*** Records for the exercise ***
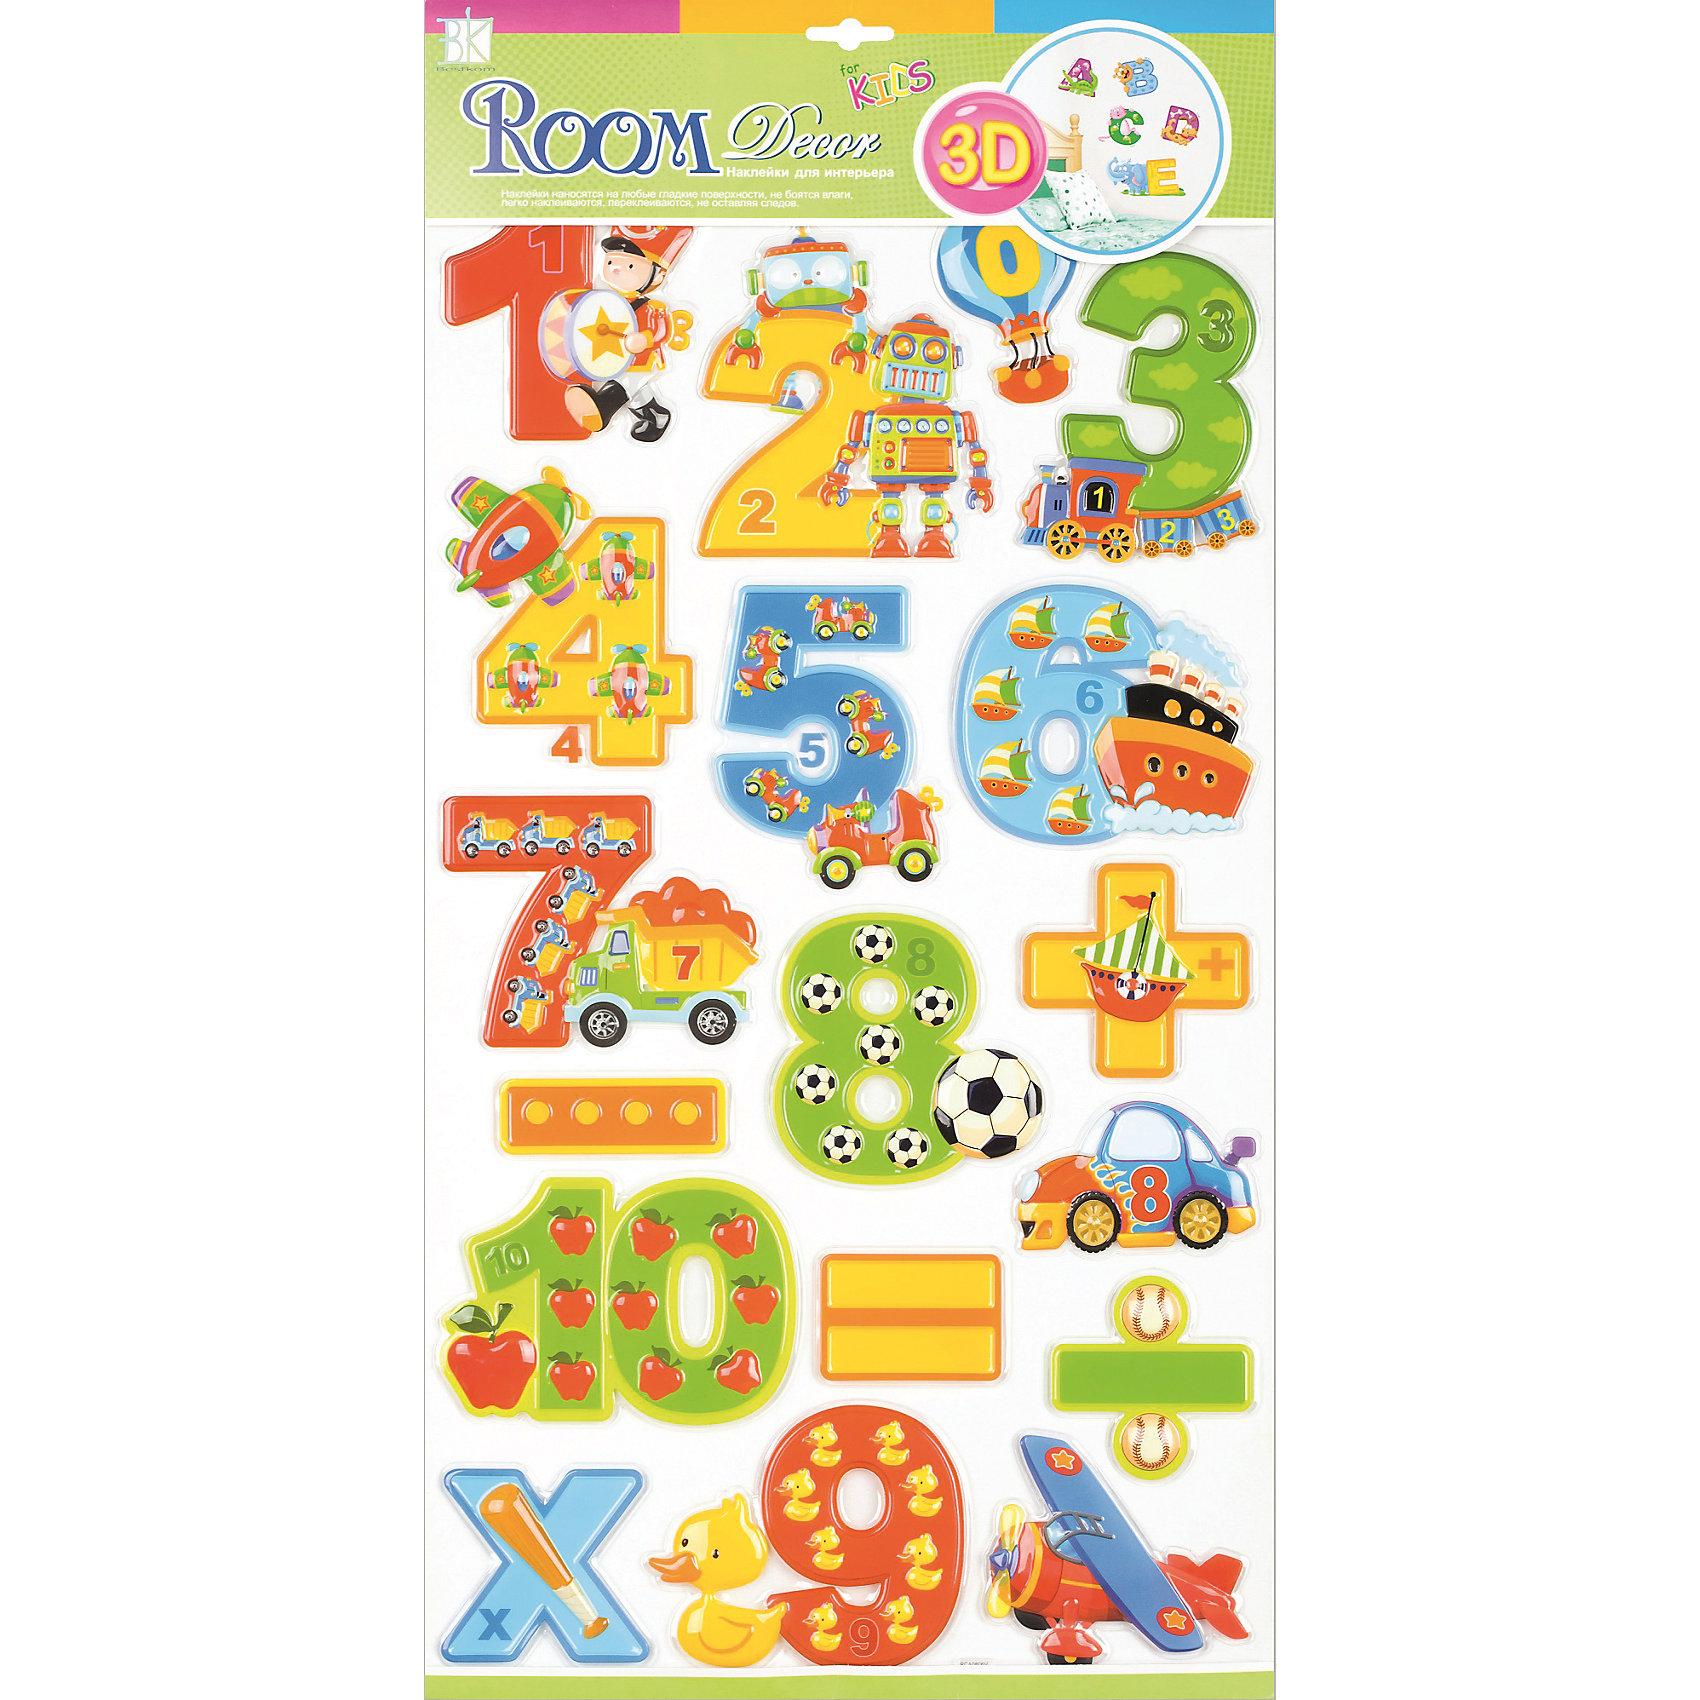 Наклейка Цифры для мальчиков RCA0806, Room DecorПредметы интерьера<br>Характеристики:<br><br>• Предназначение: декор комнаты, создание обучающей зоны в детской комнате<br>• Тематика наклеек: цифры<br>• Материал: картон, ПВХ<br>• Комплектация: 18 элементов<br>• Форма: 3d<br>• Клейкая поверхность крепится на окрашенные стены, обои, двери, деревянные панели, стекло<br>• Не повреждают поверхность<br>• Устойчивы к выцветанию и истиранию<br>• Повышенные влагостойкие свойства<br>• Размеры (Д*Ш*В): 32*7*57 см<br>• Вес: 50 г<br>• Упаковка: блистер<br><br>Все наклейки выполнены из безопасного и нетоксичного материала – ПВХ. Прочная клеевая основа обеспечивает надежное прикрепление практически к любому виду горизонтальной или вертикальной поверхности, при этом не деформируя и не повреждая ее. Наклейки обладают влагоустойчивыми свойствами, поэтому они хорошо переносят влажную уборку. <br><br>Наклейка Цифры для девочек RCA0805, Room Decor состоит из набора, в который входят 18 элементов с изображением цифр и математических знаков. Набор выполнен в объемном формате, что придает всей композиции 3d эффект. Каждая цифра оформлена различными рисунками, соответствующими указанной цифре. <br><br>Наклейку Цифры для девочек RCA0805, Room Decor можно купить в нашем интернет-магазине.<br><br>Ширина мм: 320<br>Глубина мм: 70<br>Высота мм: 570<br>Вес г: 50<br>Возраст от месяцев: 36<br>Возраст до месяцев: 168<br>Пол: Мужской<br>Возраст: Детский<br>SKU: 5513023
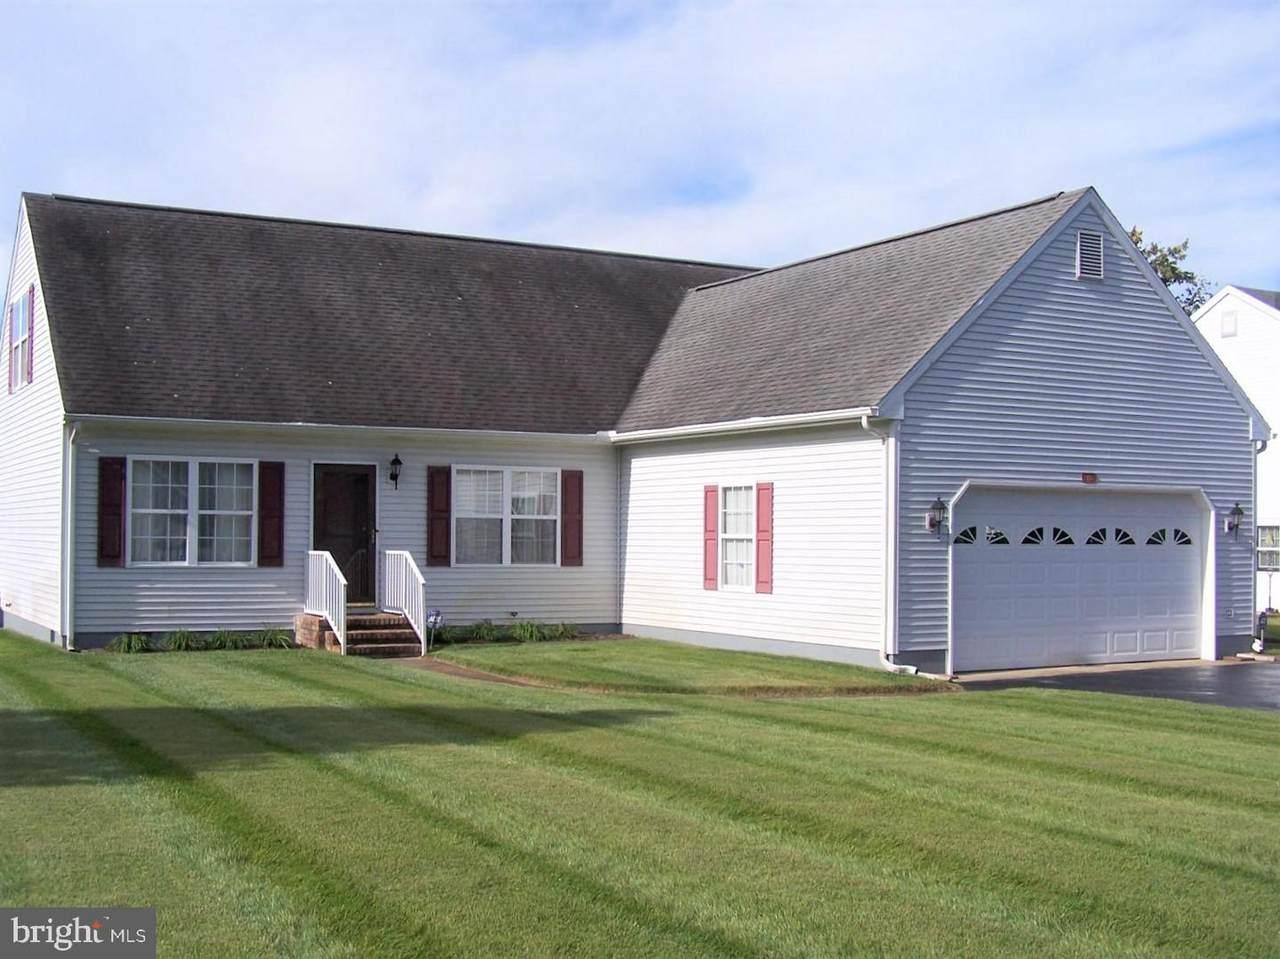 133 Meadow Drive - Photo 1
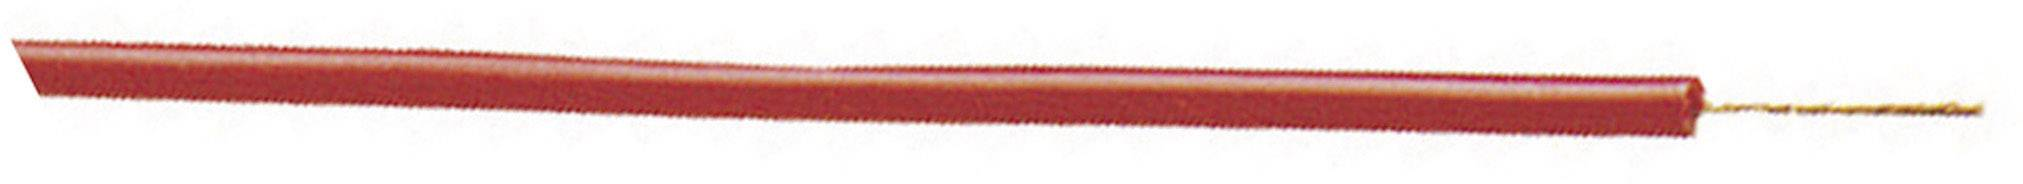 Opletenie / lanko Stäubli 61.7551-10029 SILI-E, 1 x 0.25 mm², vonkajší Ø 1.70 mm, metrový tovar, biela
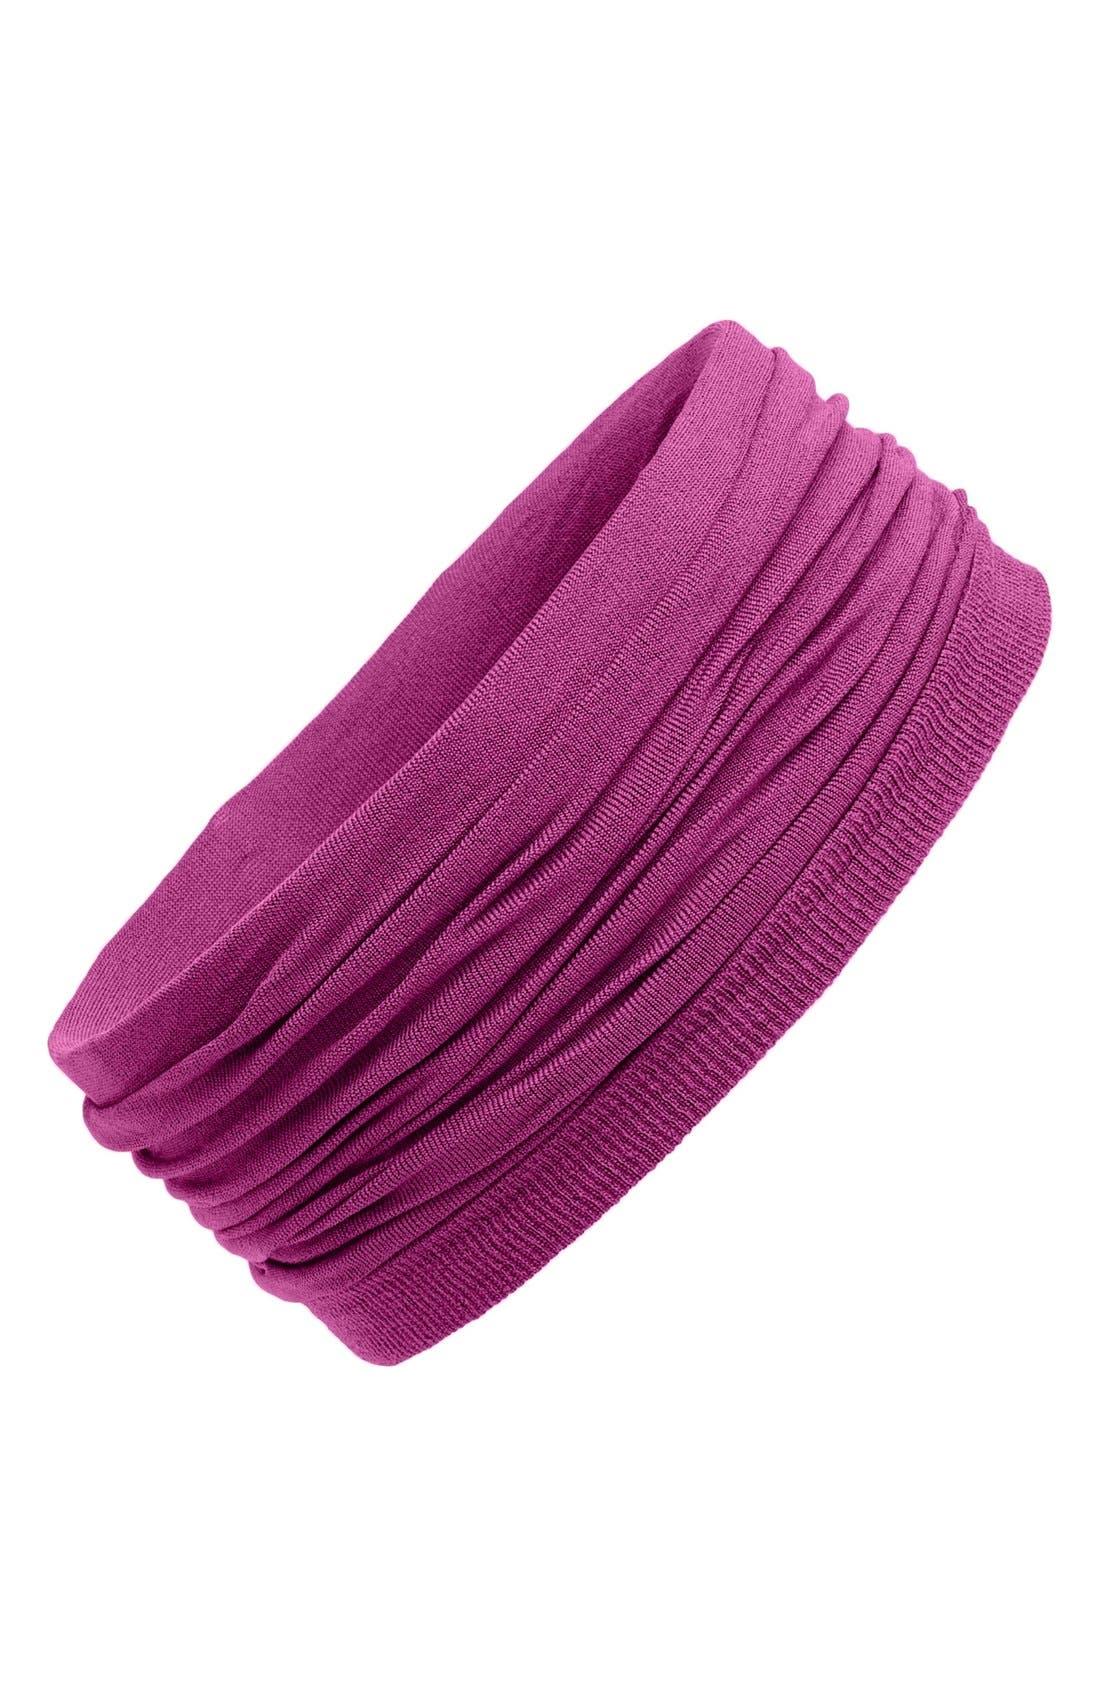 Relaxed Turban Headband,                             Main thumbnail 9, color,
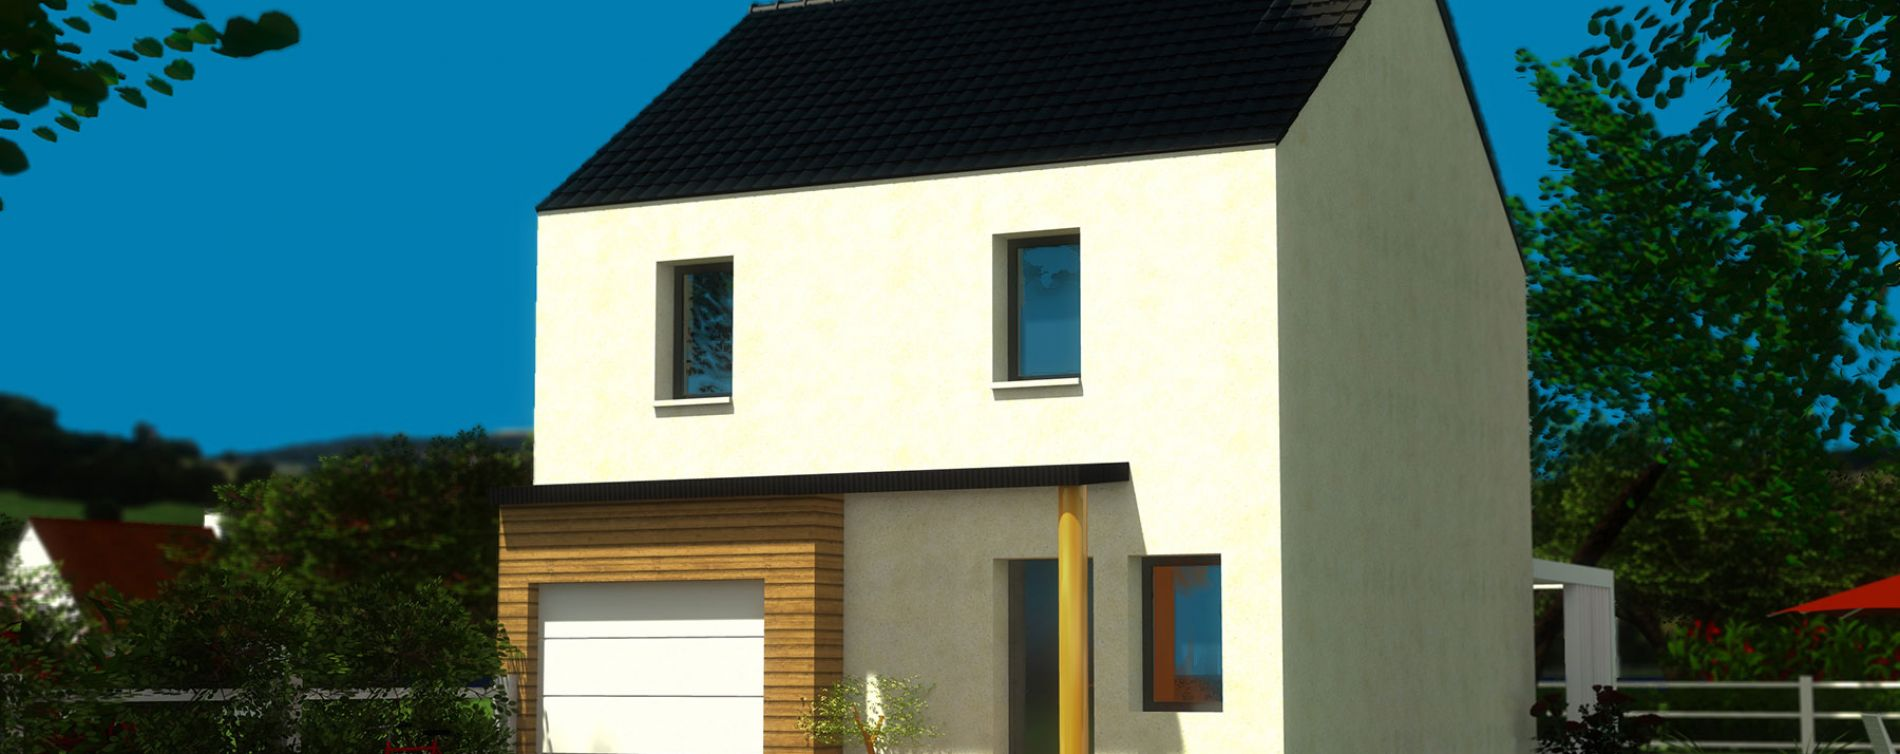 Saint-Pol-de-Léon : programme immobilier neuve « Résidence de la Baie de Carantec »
*** End of Records for the exercise ***
> [The task]:
Leave out the pictures and return, exactly as written, only the lines from the line with "Opletenie / lanko" through the end of the records above.

> [Your solution]:
 Opletenie / lanko Stäubli 61.7551-10029 SILI-E, 1 x 0.25 mm², vonkajší Ø 1.70 mm, metrový tovar, biela
 Relaxed Turban Headband,                             Main thumbnail 9, color,
 Saint-Pol-de-Léon : programme immobilier neuve « Résidence de la Baie de Carantec »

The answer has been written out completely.